The incomes of the nature of those provided above, made by natural persons, are not taxable either, if these incomes are received based on special laws and / or financed from the budget, except for the holiday allowances granted according to the law.

In the case of gifts in cash and / or in kind, including gift vouchers, offered by employers, income is non-taxable, provided that their value for each person, on each occasion, does not exceed 150 lei:

  • gifts given to employees, as well as those offered to their minor children, on the occasion of Easter, Christmas and similar holidays of other religious denominations;
  • gifts given to employees on the occasion of March 8;
  • gifts offered to employees for the benefit of their minor children on the occasion of June 1.

The equivalent value of tourist and / or treatment services, including transport, during the holiday, for their own employees and their family members, granted by the employer, as provided in the employment contract, internal regulations, or received under special laws and / or financed from the budget, is non-taxable, insofar as their total value does not exceed in a fiscal year, for each employee, the level of an average gross salary used to substantiate the state social insurance budget for the year in which they were granted ;

Thus, in the situation in which advantages are granted to the employees, they represent income taxable to the employee and fully deductible for the employer.

From the VAT point of view, the company does not have the right to deduct for the VAT related to the services (access to the fitness room) purchased in favor of the employees, not being performed for the purpose of its economic activity, for carrying out operations that give the right to deduct VAT.

Provided that the company deducts VAT on the acquisition, the provision of services to employees is assimilated to the provision of services performed with payment in accordance with the provisions of Article 271 paragraph (4) of the Fiscal Code.

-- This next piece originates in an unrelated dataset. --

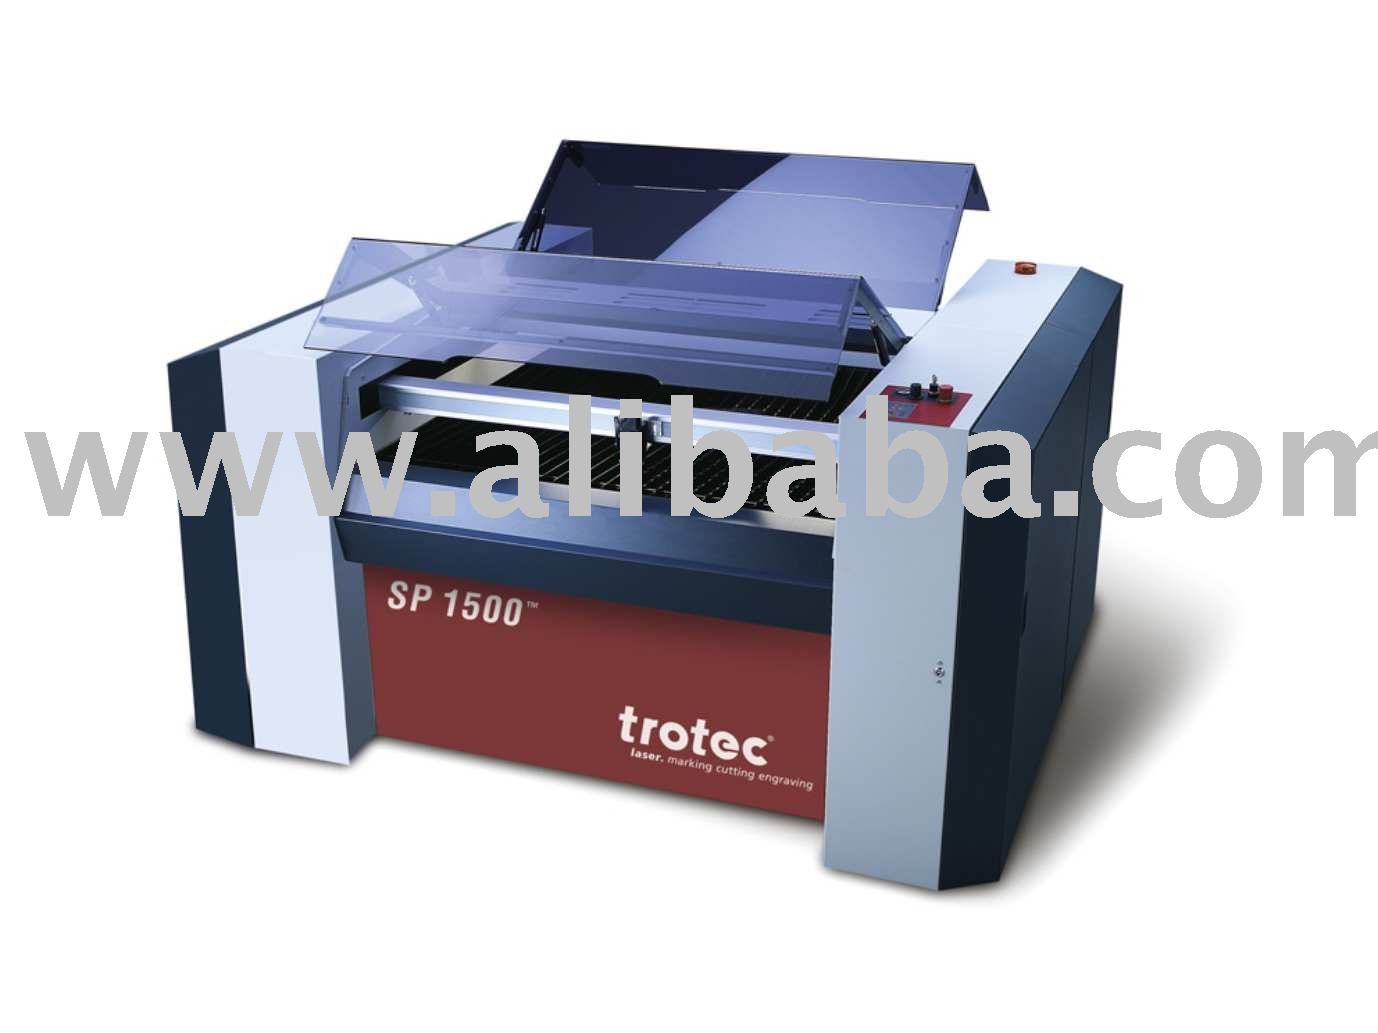 Trotec Speedy 1500 Laser Machine - Buy Laser Engraving Cutting Marking Machines Product on ...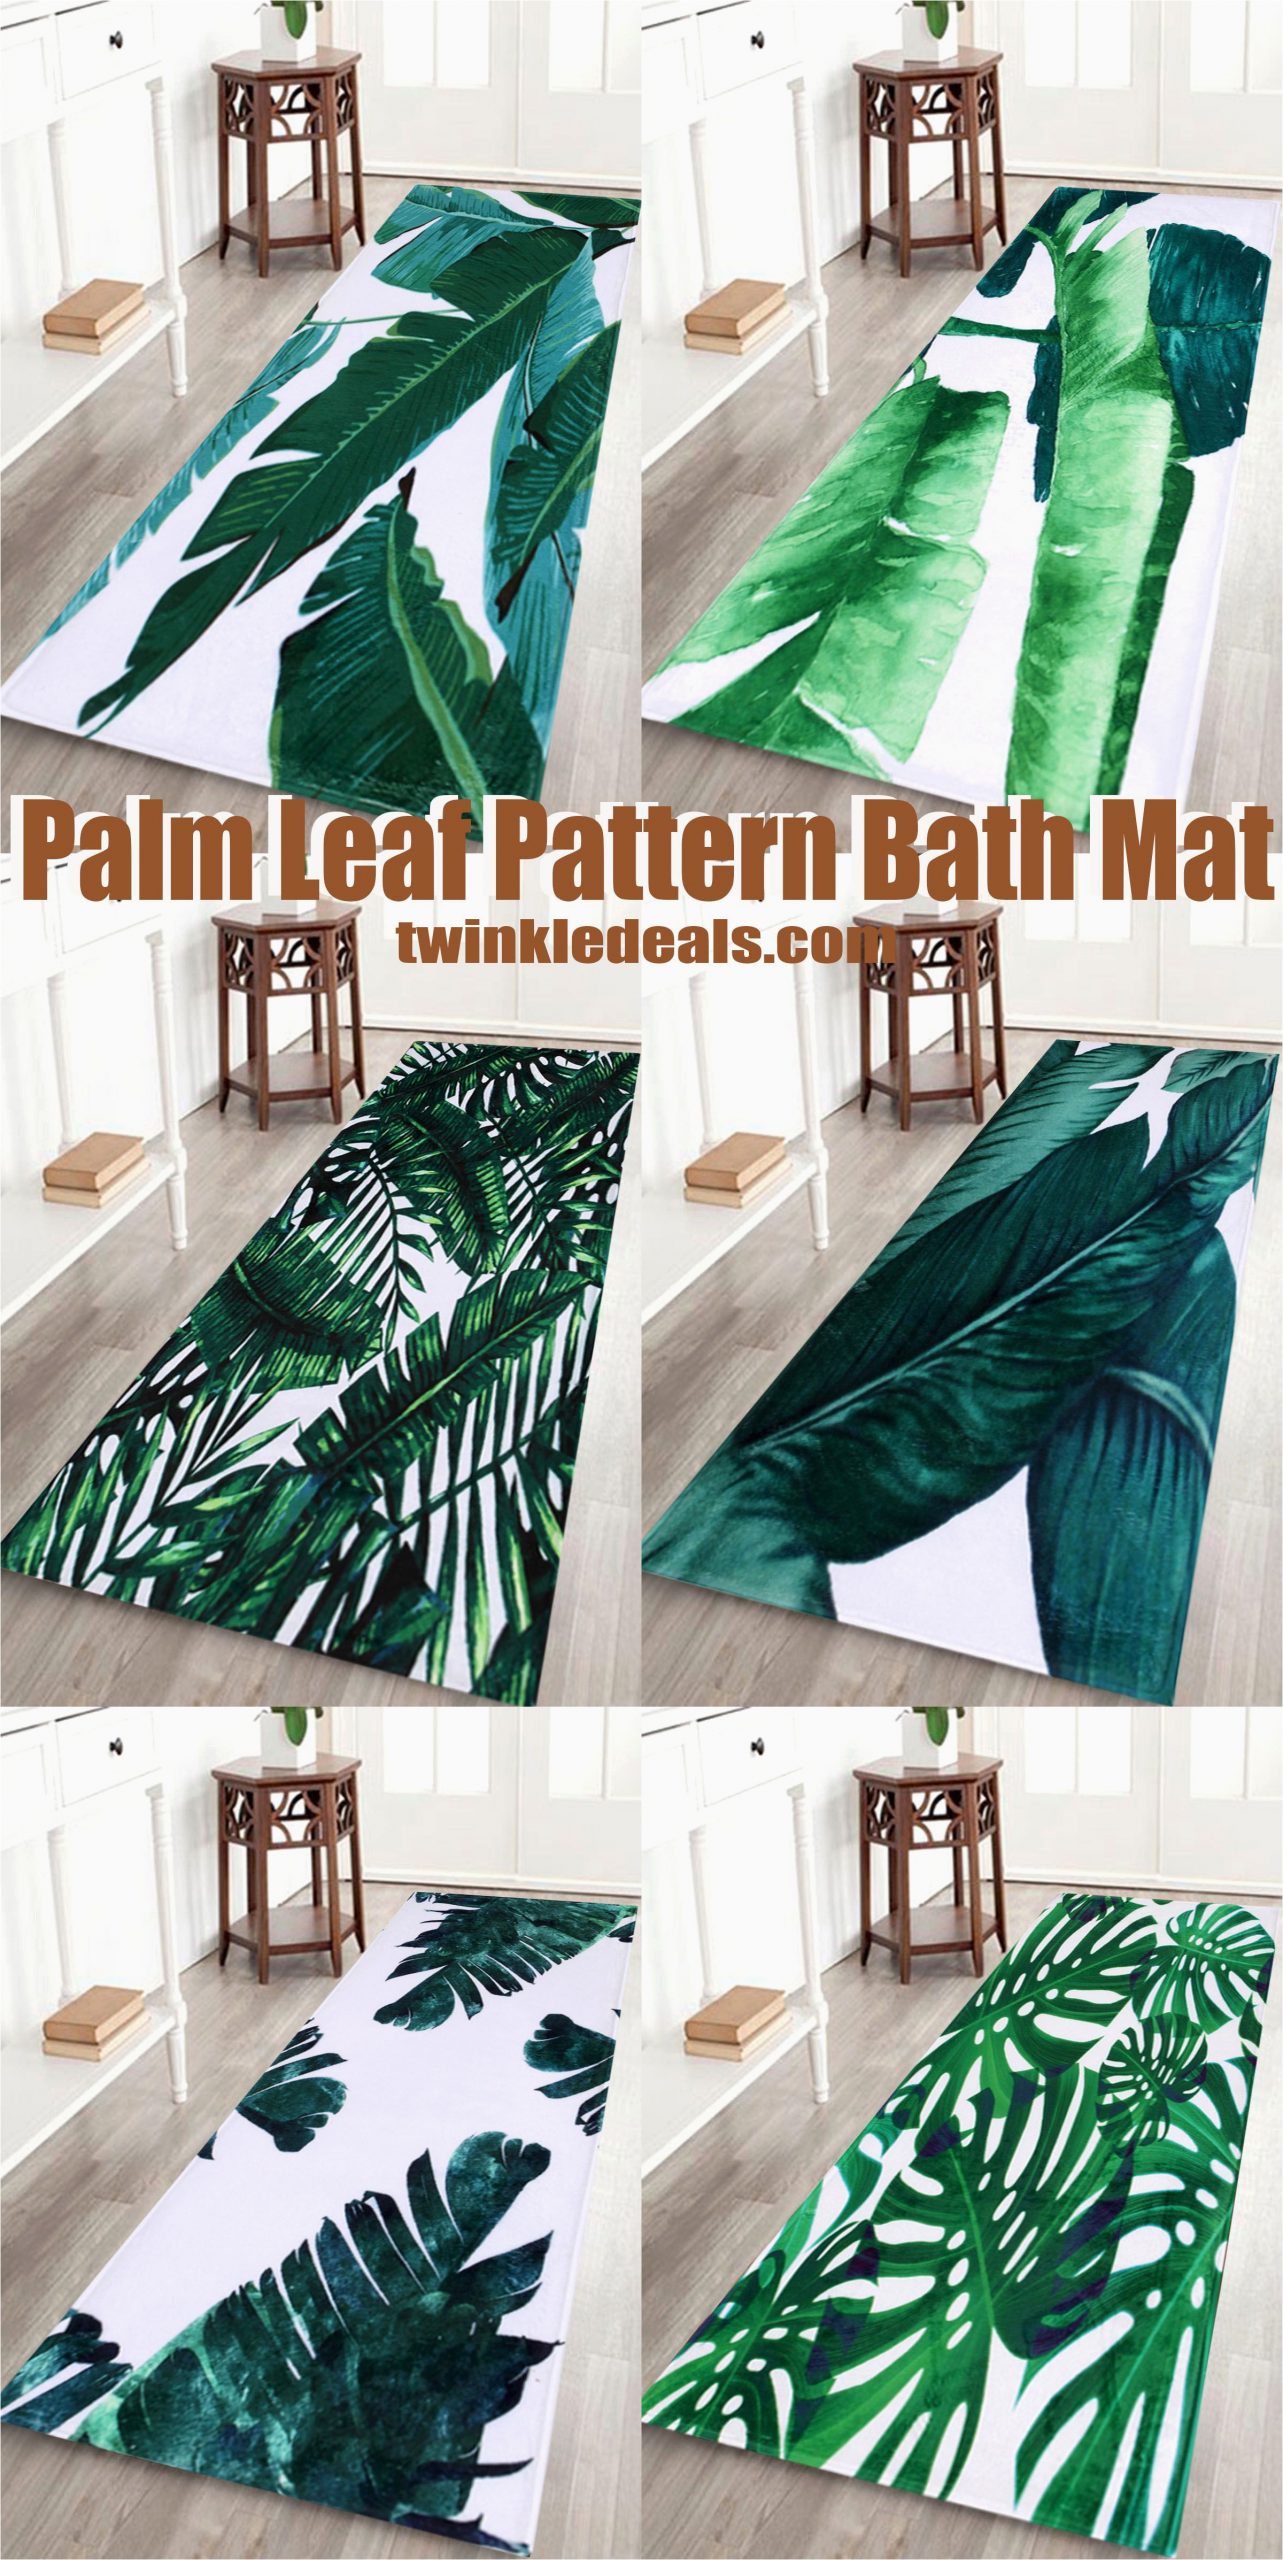 Palm Leaf Bath Rug Palm Leaf Pattern Bath Mat European Home Decor Tropical

In this case, according to article 286 paragraph (1) letter d) of the Fiscal Code, the tax base of the value added tax is the sum of the expenses incurred by the taxable person for these services. For this service, the company will issue a self-invoice in accordance with the provisions of article 319 paragraph (8) of the Fiscal Code.

Legal basis:

– Fiscal Code (approved by Law no. 227/2015, published in the Official Gazette no. 688 of 10.09.2015), with subsequent amendments and completions;

– Fiscal Procedure Code (approved by Law no. 207/2015, published in the Official Gazette no. 547 of 23.07.2015), with subsequent amendments and completions;

– Methodological Norms for the application of the Fiscal Code (approved by HG no. 1/2016).